Your goal → When the line containing "Yellow and Black" is found in the data below, give it again along with every later line, exactly; drop the pictures.

Provided material →

========================================================================

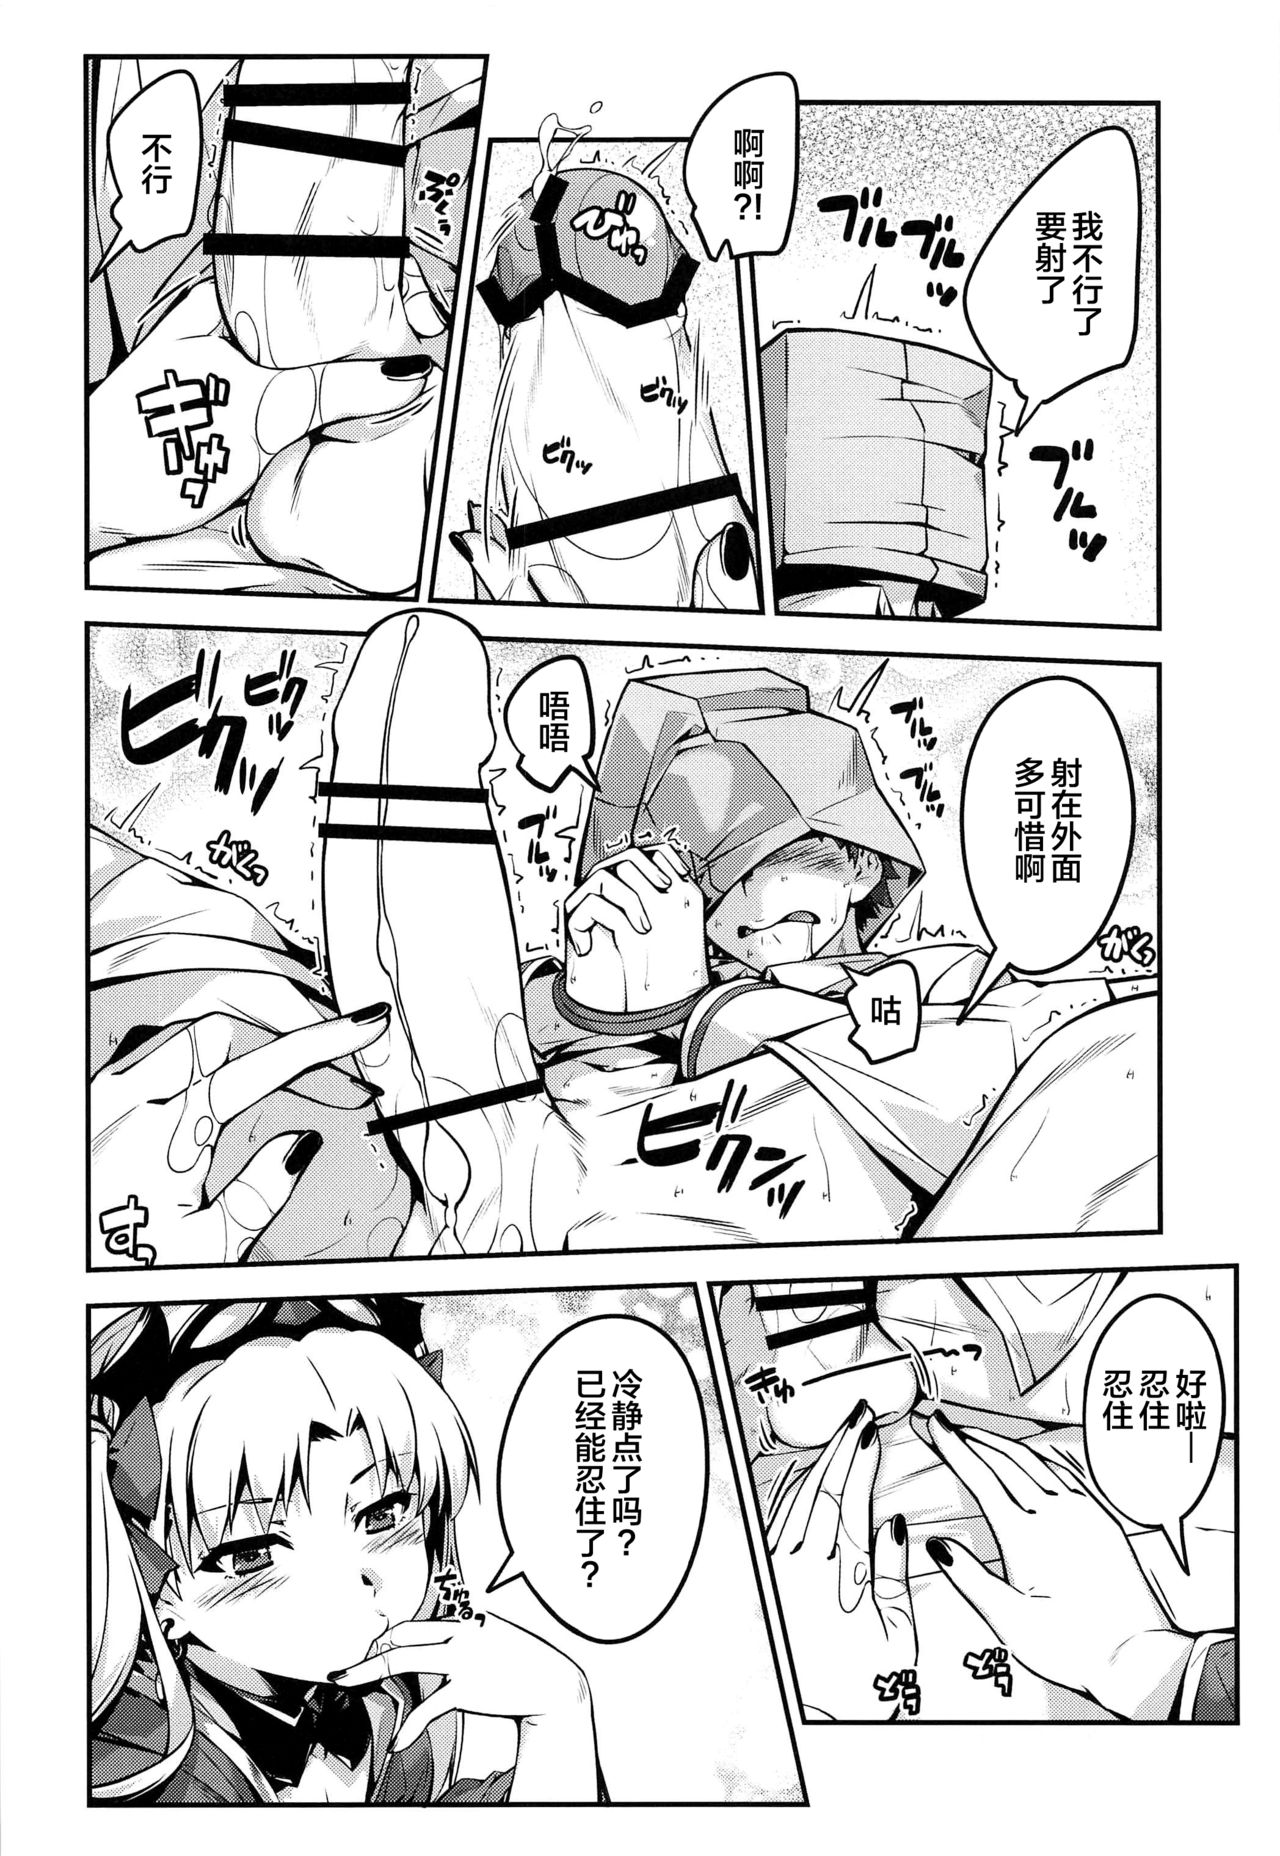 (C97) [Kansyouyou Marmotte (Mr.Lostman)] Hiroigui. (Fate/Grand Order) [Chinese] [黎欧×新桥月白日语社] page 11 full
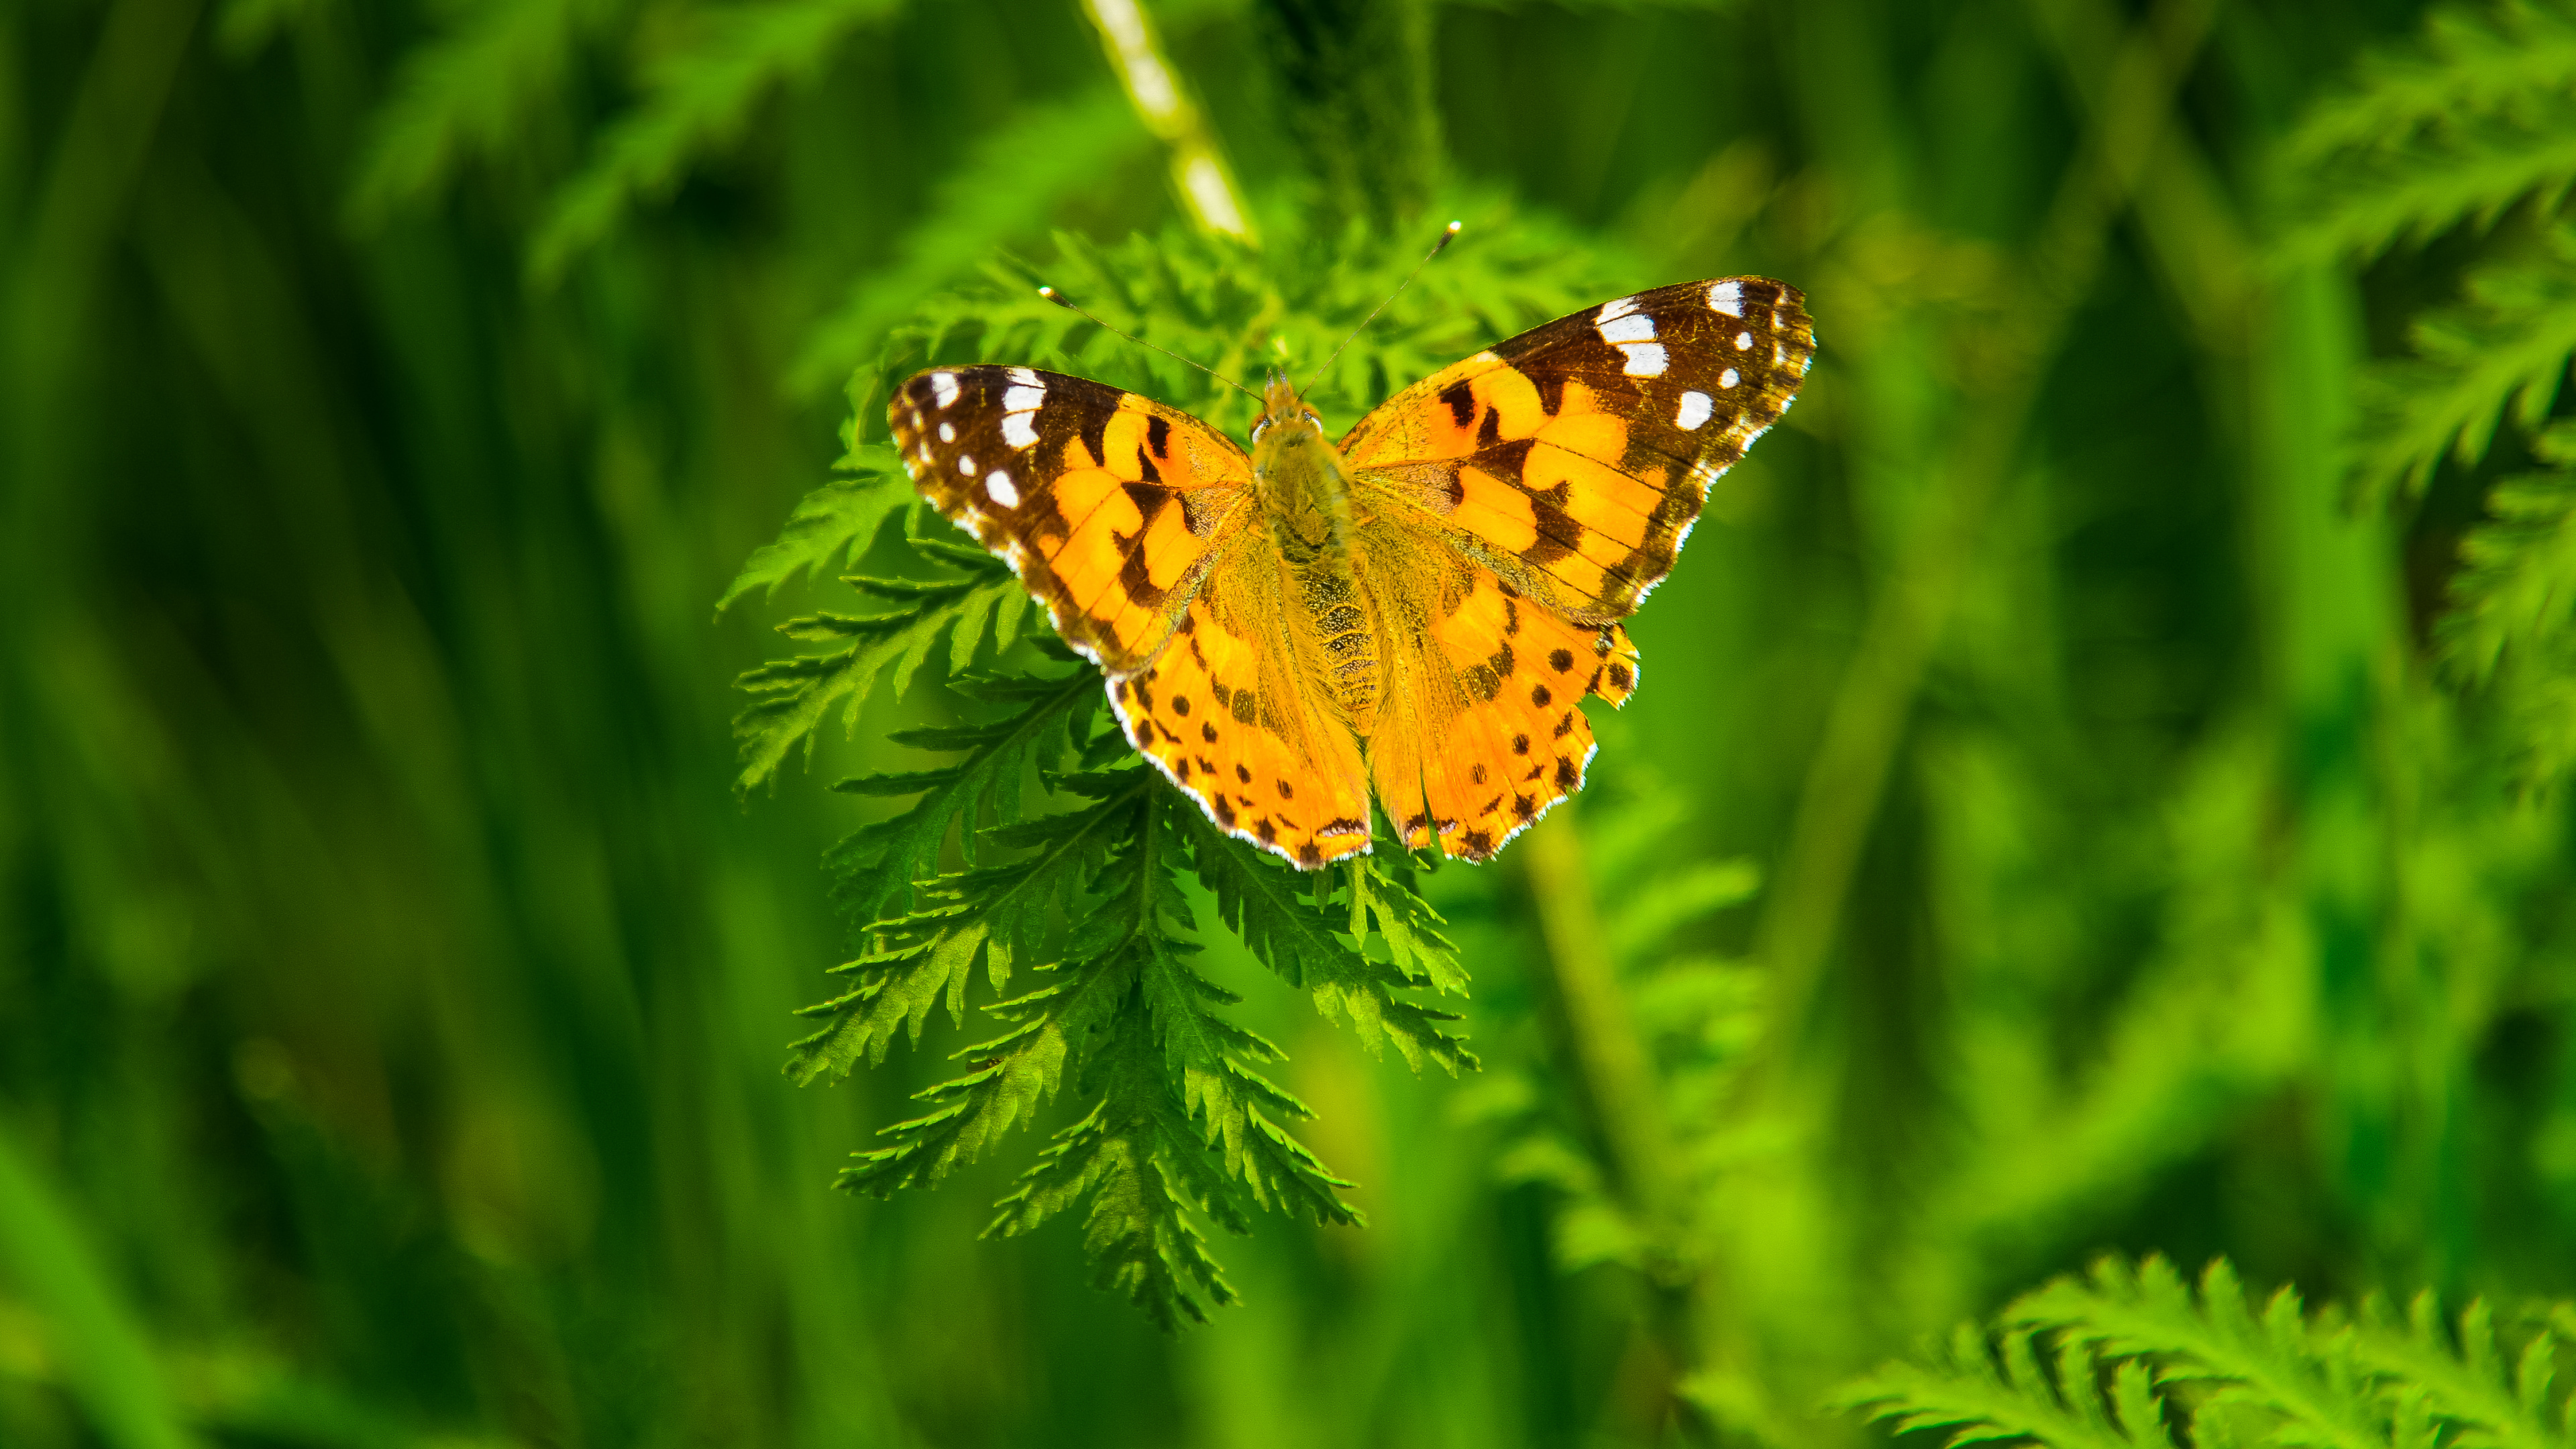 Yellow and Black Butterfly on Green Plant. Wallpaper in 3840x2160 Resolution
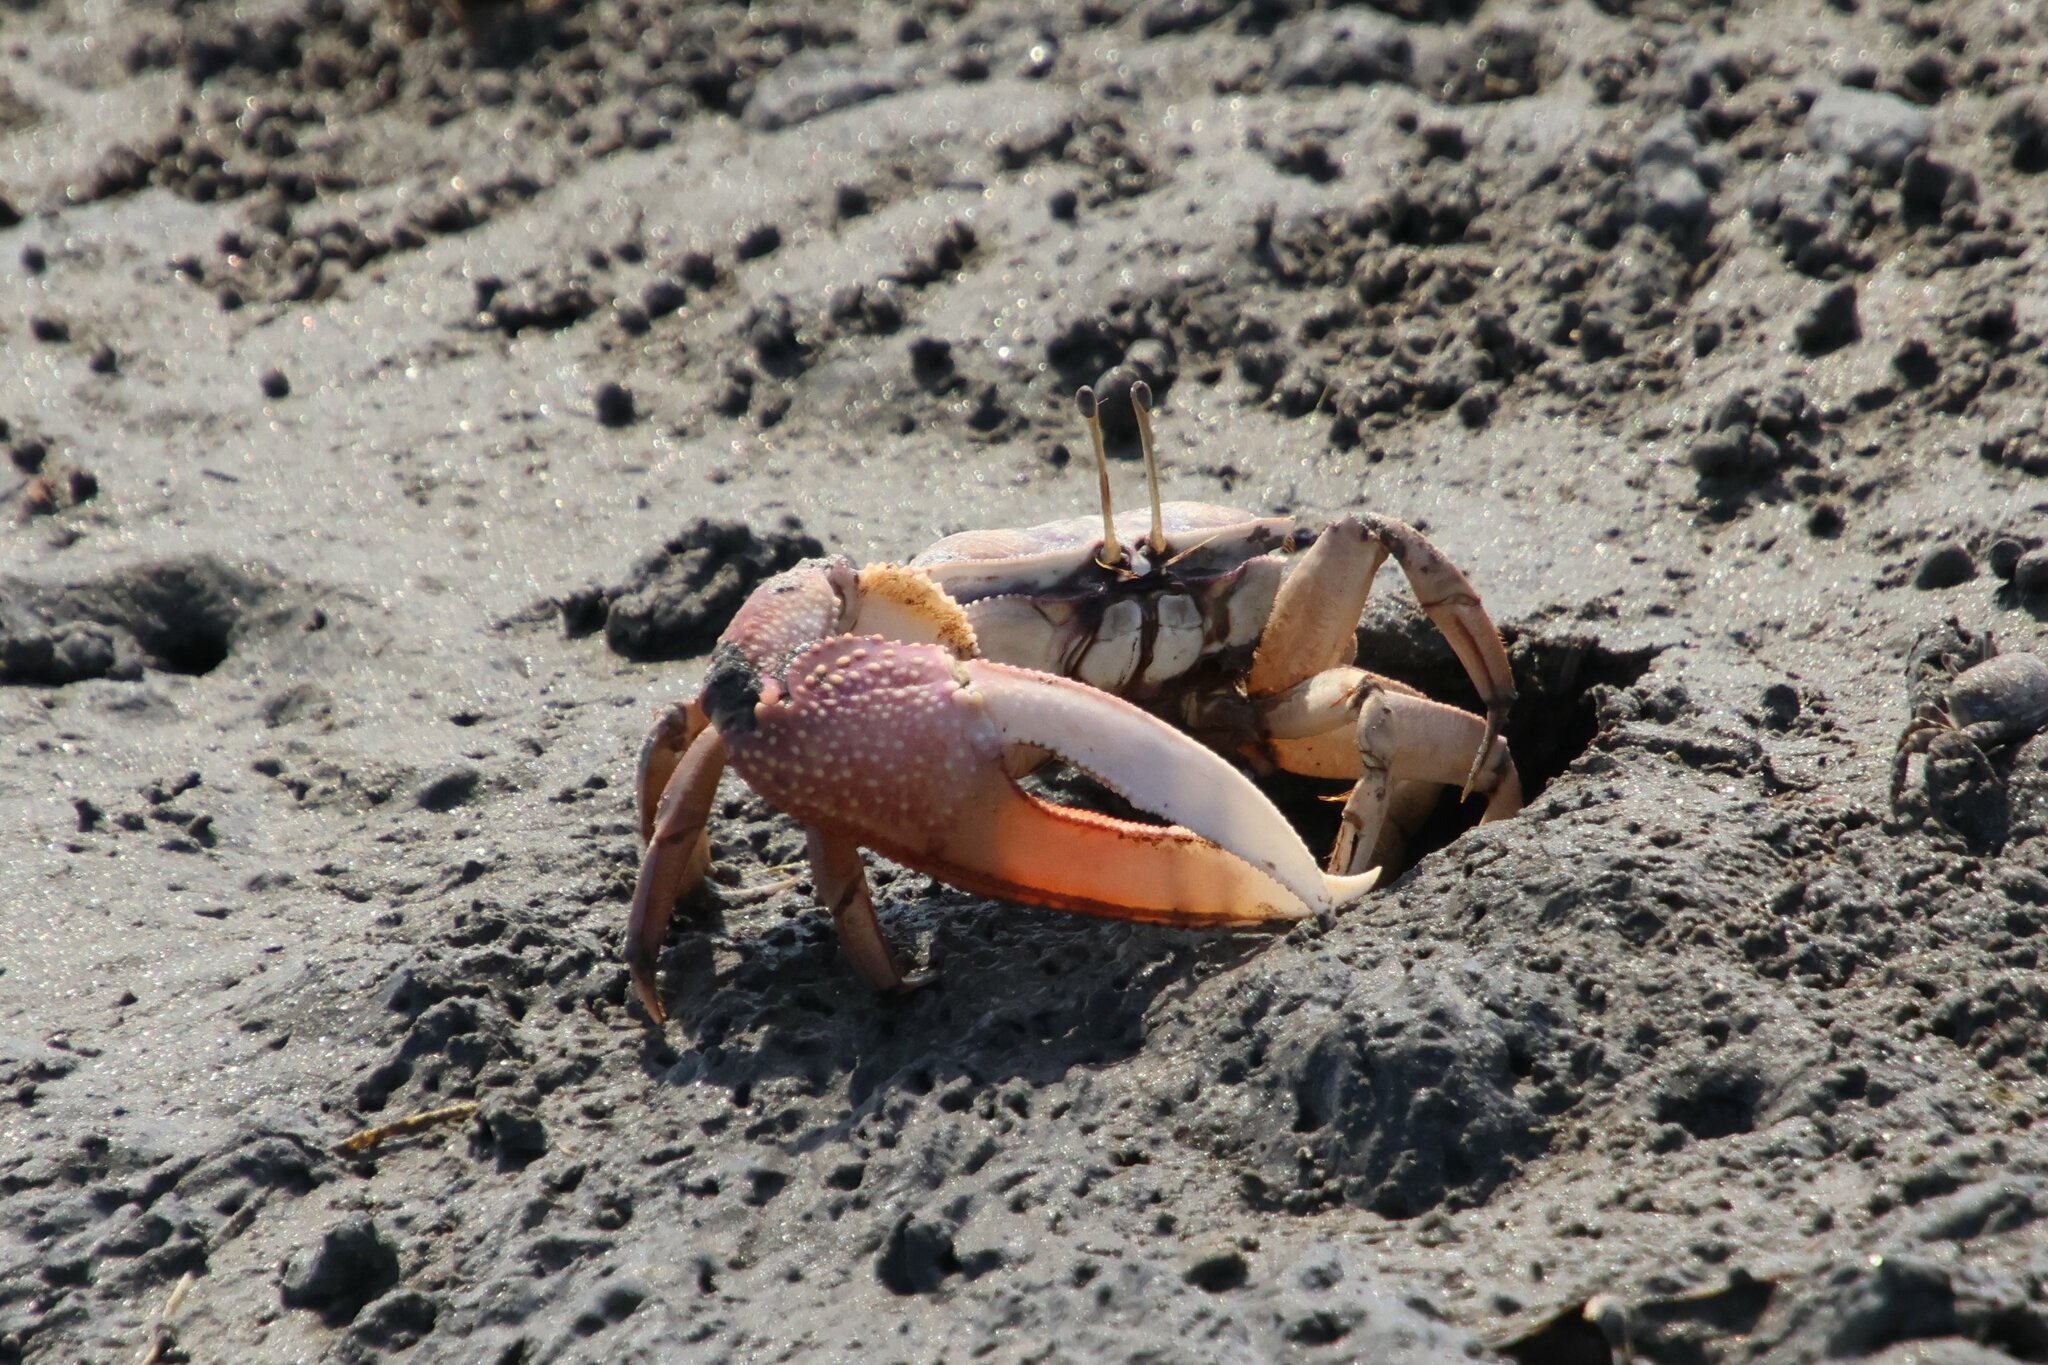 Male Fiddler Crabs Use Vibrations To Lure Females Into Burrows

========================================================================

Answer area →
 Yellow and Black Butterfly on Green Plant. Wallpaper in 3840x2160 Resolution
 Male Fiddler Crabs Use Vibrations To Lure Females Into Burrows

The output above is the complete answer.